Friday 27th February 2026: Pakistan declares state of ‘open war’ after bombing major Afghan cities
Saturday 28th February 2026: US and Israel launch attack on Iran, as Trump says ‘major combat operations’ under way
Lot of it about these days. I was going to make a rather tasteless metaphor about it being like the Gorton and Denton by-election, with the Greens winning and Reform coming second, displacing the established parties. But of course the surprise war – to all but the very old – was Russia’s invasion of Ukraine. Given Iran’s participation in proxy wars in Lebanon, Syria, Iraq and Yemen, and its hostile actions against Israel, Saudi Arabia, and probably other countries that I’ve forgotten (even leaving out Western ones), I’m surprised this didn’t happen earlier. As for Pakistan and their former protégés the Taliban, he who sups with the devil should have a long spoon.
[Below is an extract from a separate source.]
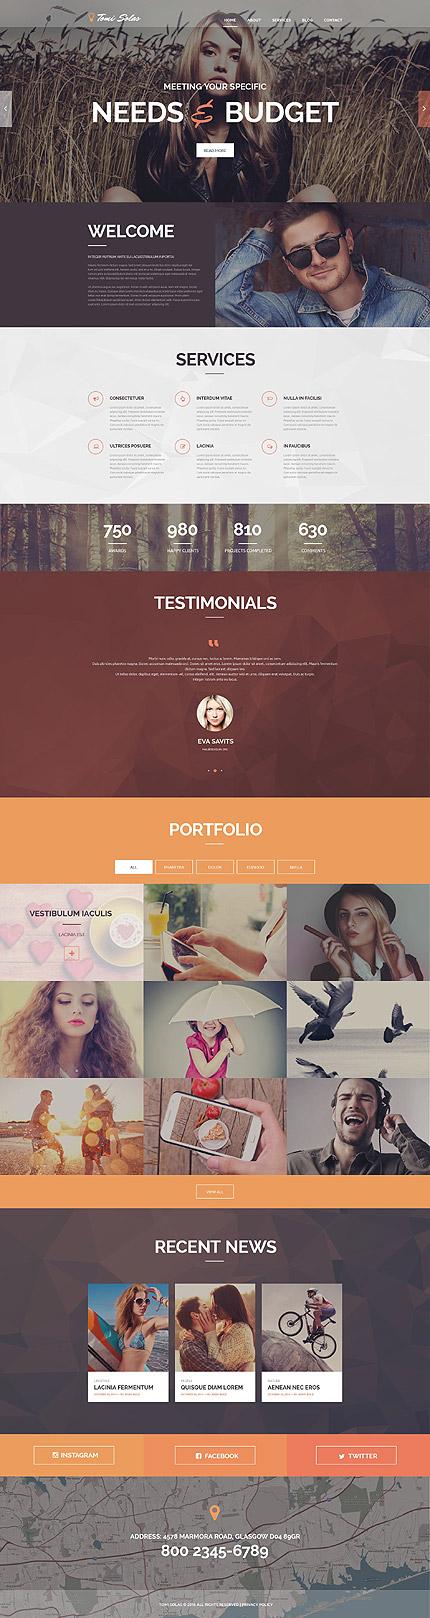 PSD макет сайта №55909
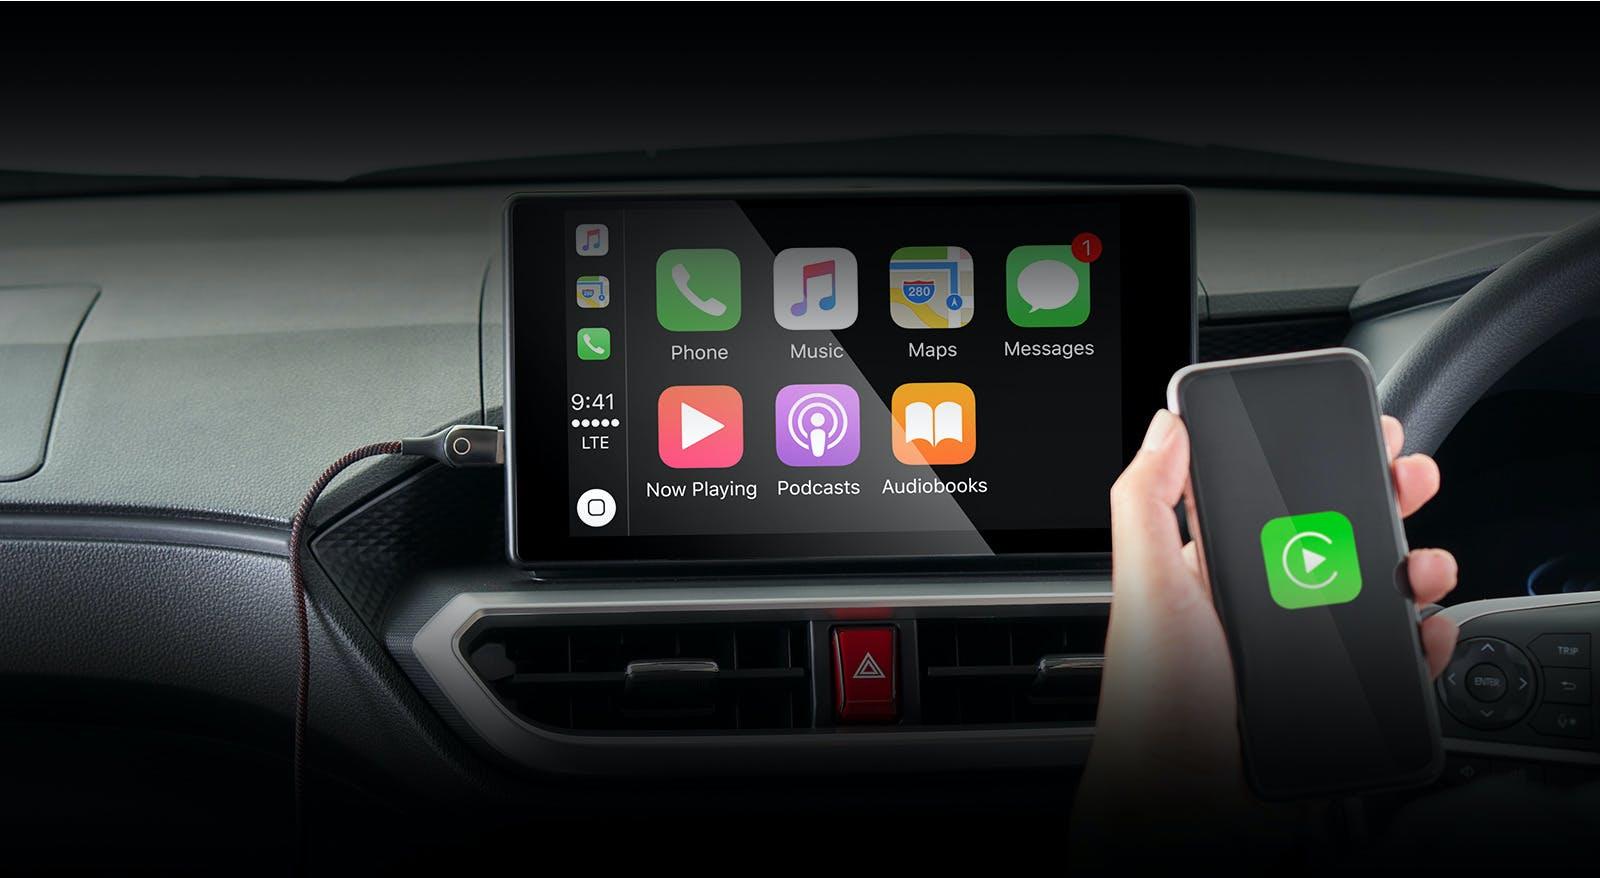 "Harga dan Spesifikasi Daihatsu Rocky Pekanbaru - 9"" DISPLAY AUDIO SUPPORT SMARTPHONE CONNECTION"

Update: Israel says that Ayatollah Khamenei has been found dead in the rubble of his compound. For the sake of the Iranian people, so many of whom have been murdered by Khamenei’s regime in the recent protests, I hope that this is true. In contrast, Zack Polanski of the Green Party says “This is an illegal, unprovoked and brutal attack that shows once again that the USA and Israel are rogue states.” Illegal, Zack? If the leadership of the Islamic Republic of Iran wanted the protection of international law, they should have renounced and made recompense for taking diplomats hostage. In the absence of that renunciation the international community should have put them down like rabid dogs forty-seven years ago.
“How to detoxify the immigration debate” is the title of an LSE (London School of Economics) blog post by Hana Kapetanovic.
The debate is being dominated by the loudest voices with the most strongly held views; the voices of the majority aren’t being heard. It would sound very different if they were. In British Future’s segmentation of public attitudes to immigration, the biggest group by far is the “Balancer Middle”, with around half (49 per cent) of the public falling into this group. This group is not fundamentally opposed to immigration, but wants it to be “controlled and fair”.
and
As much as public perceptions are shaped by the media, political and information landscape, we mustn’t forget that public perceptions in turn shape media and political debates. The media publishes articles they think people will read. Politicians move to where they think the votes are, and yet are still faced with low trust. We need to break this democratic doom loop.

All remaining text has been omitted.